To do: Could you output the listing that follows exactly, without its images?

Recorded information:
§ §
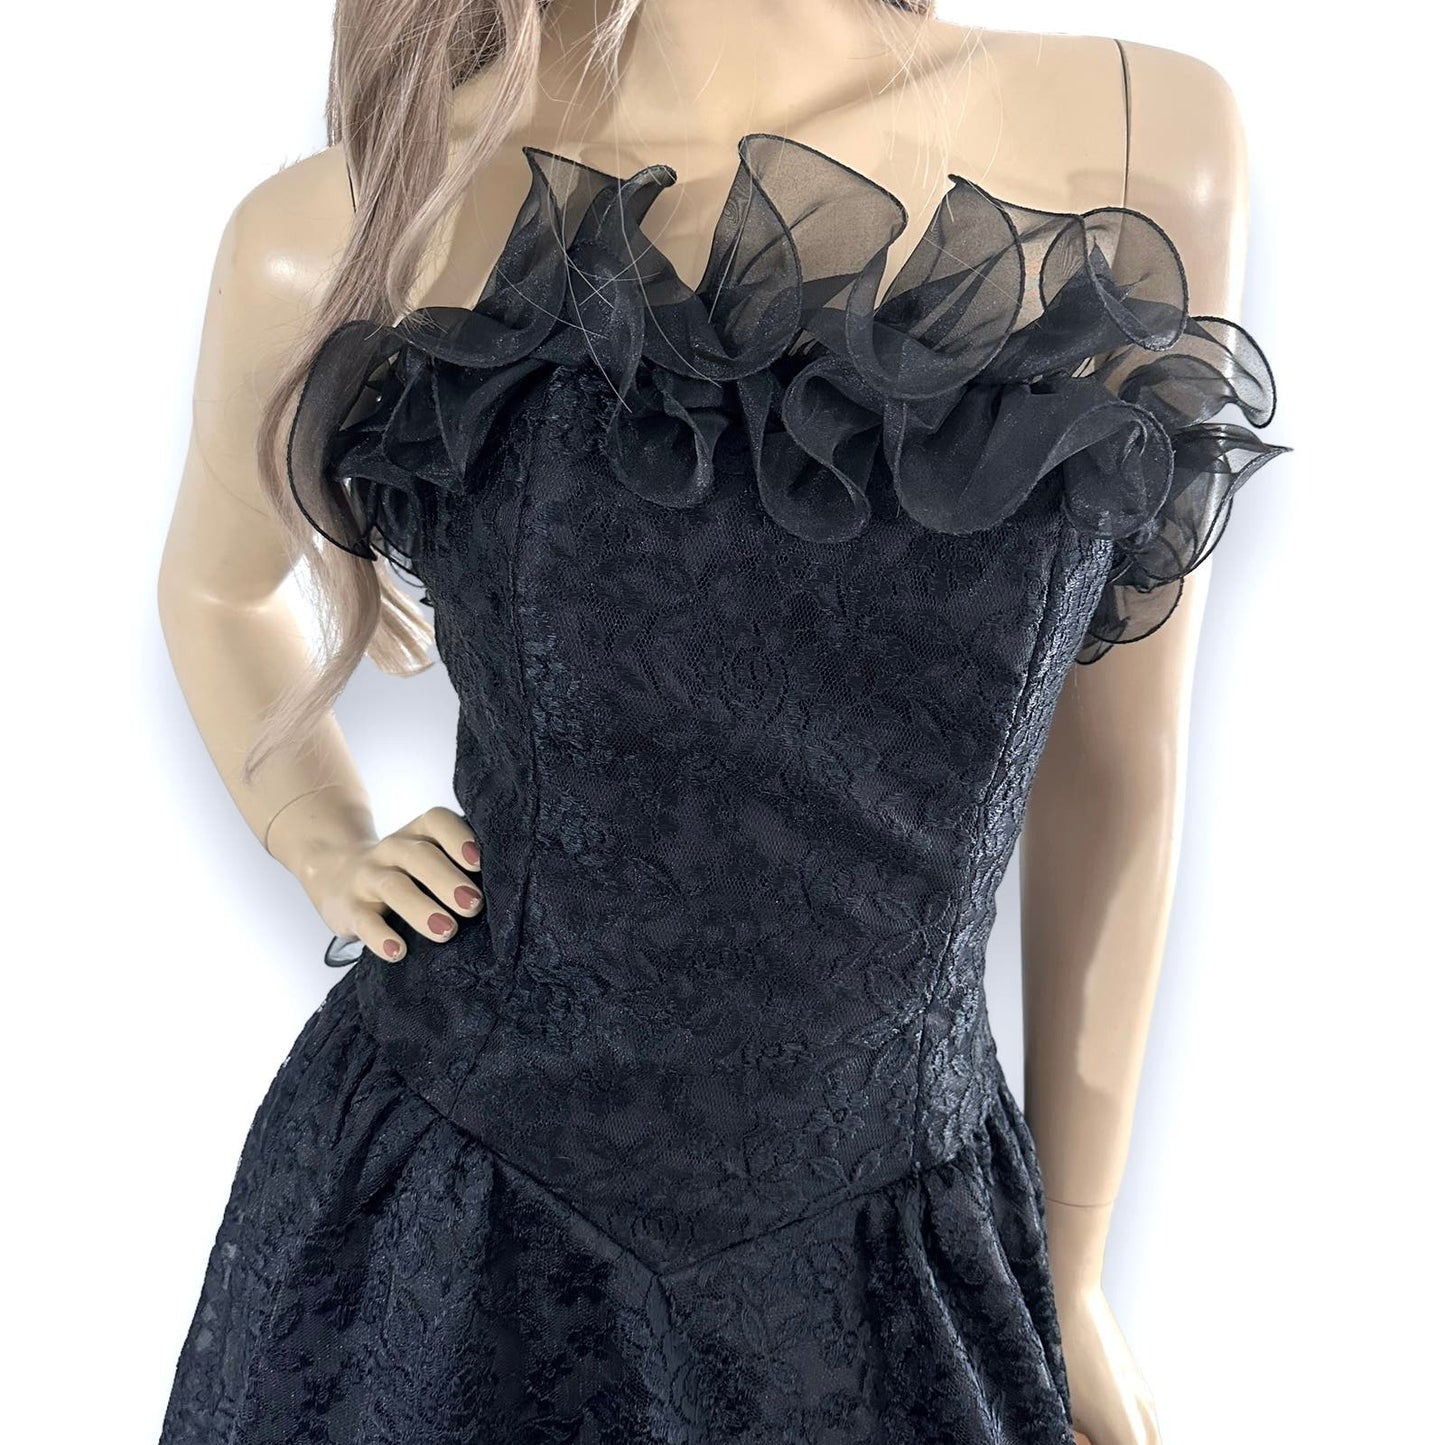 80s Vintage Ruffled Tulle & Lace Black Wedding Dress Size 6
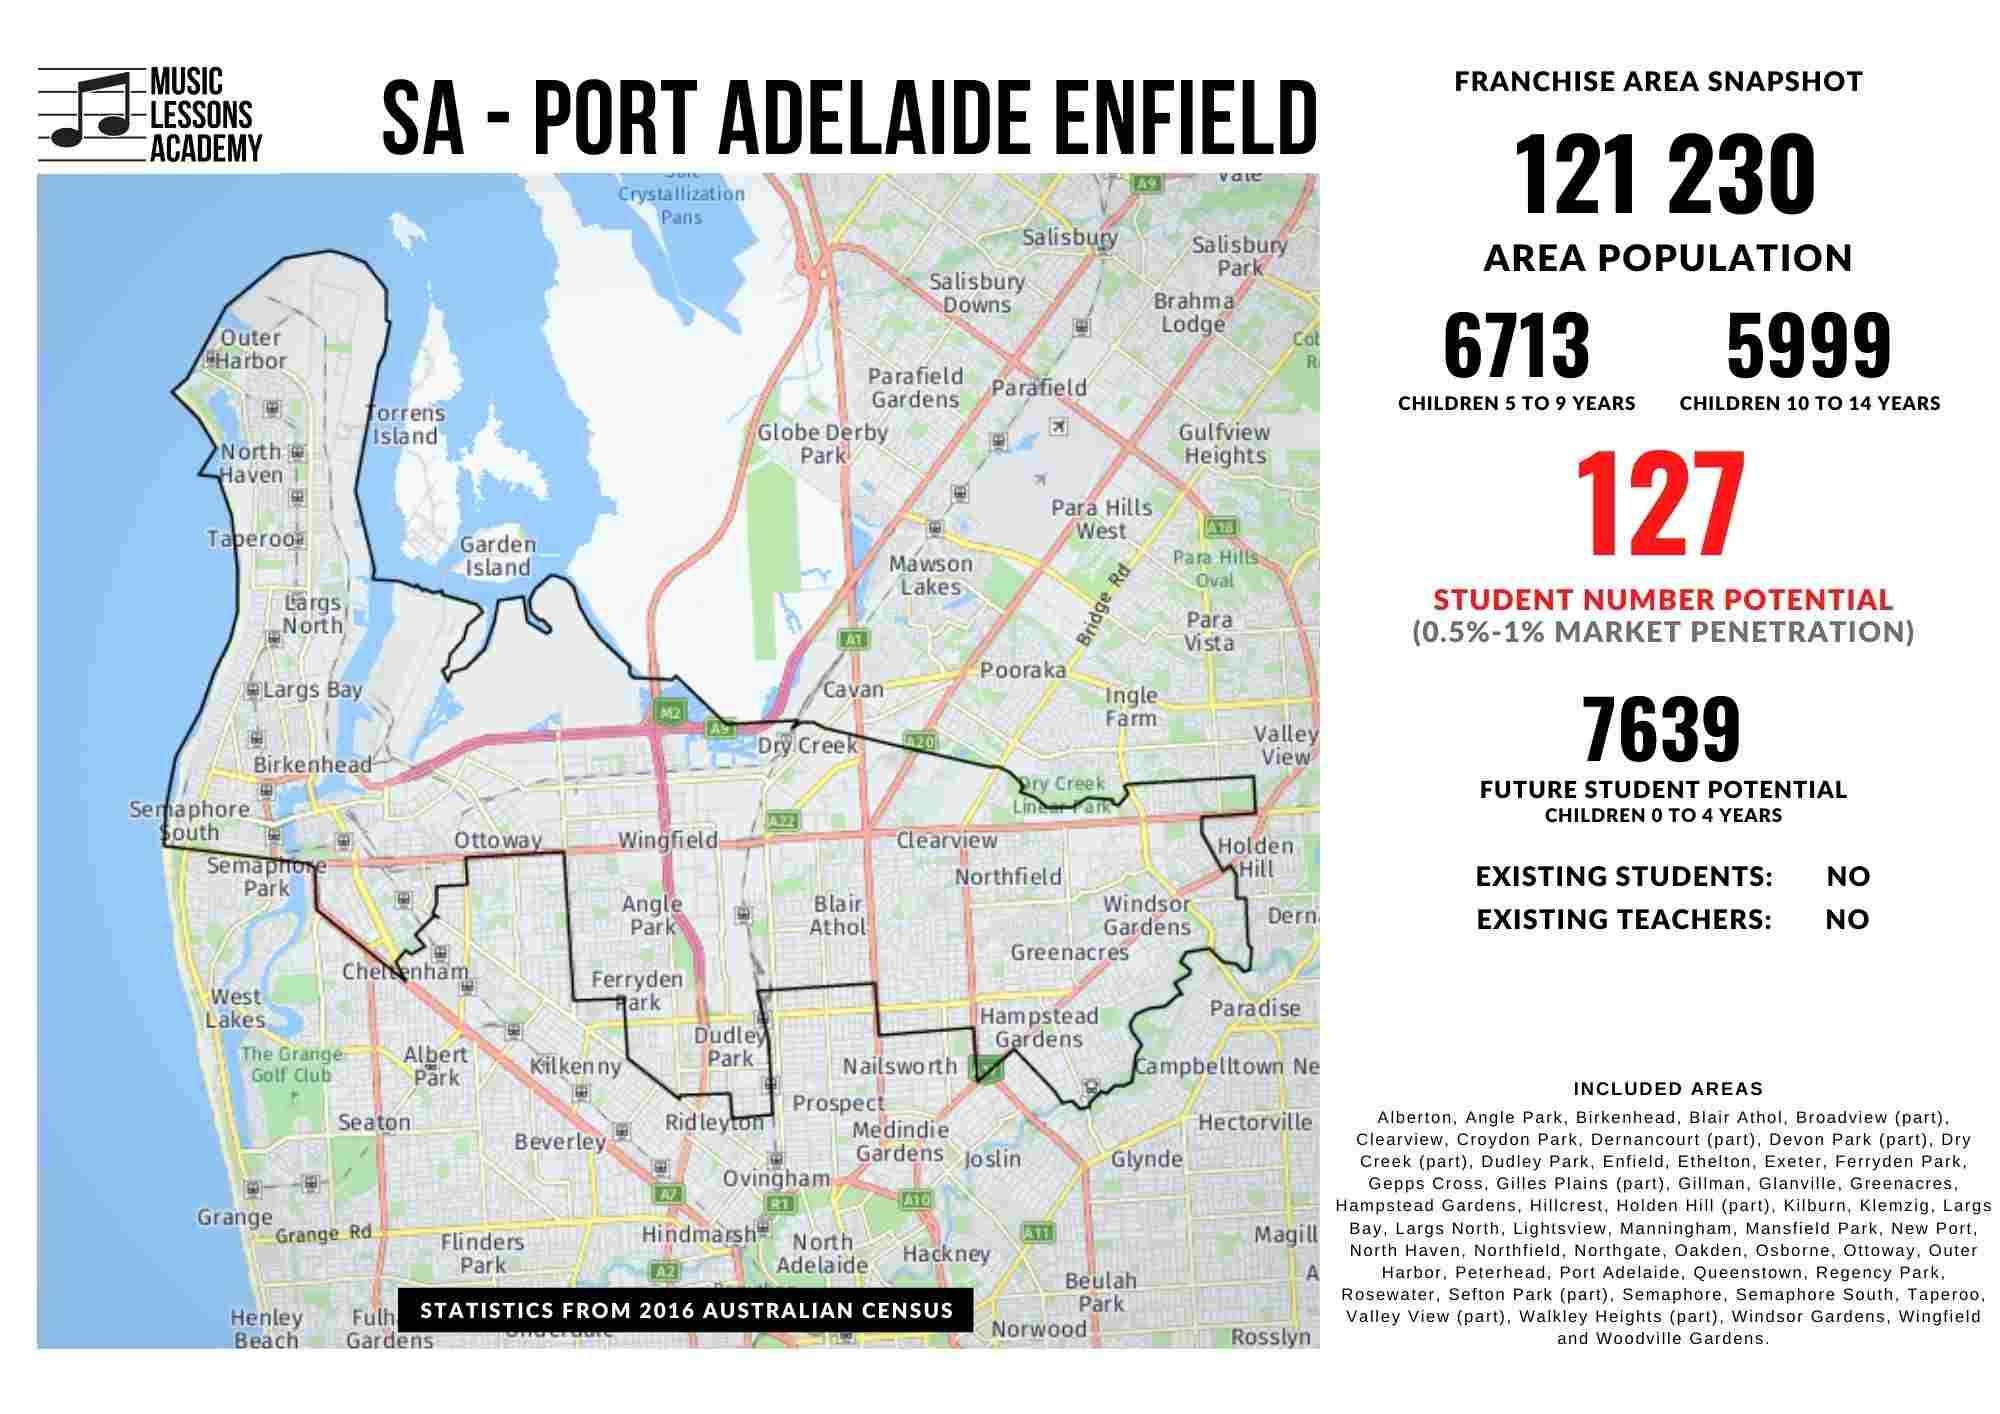 SA Port Adelaide Enfield Franchise for sale
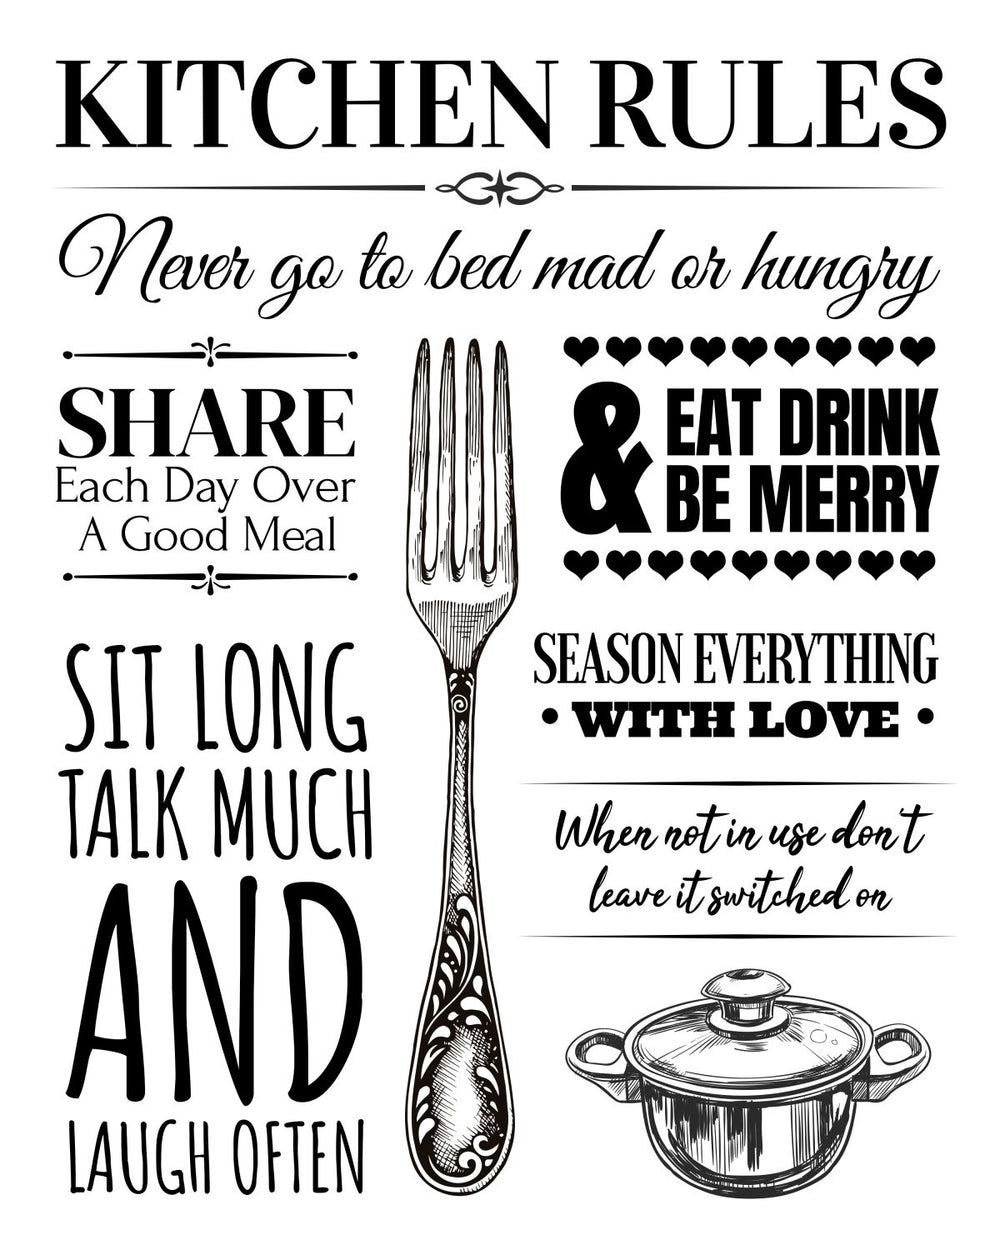 Happy Kitchen Rules
§ §
Written answer:
 80s Vintage Ruffled Tulle & Lace Black Wedding Dress Size 6
 SA Port Adelaide Enfield Franchise for sale
 Happy Kitchen Rules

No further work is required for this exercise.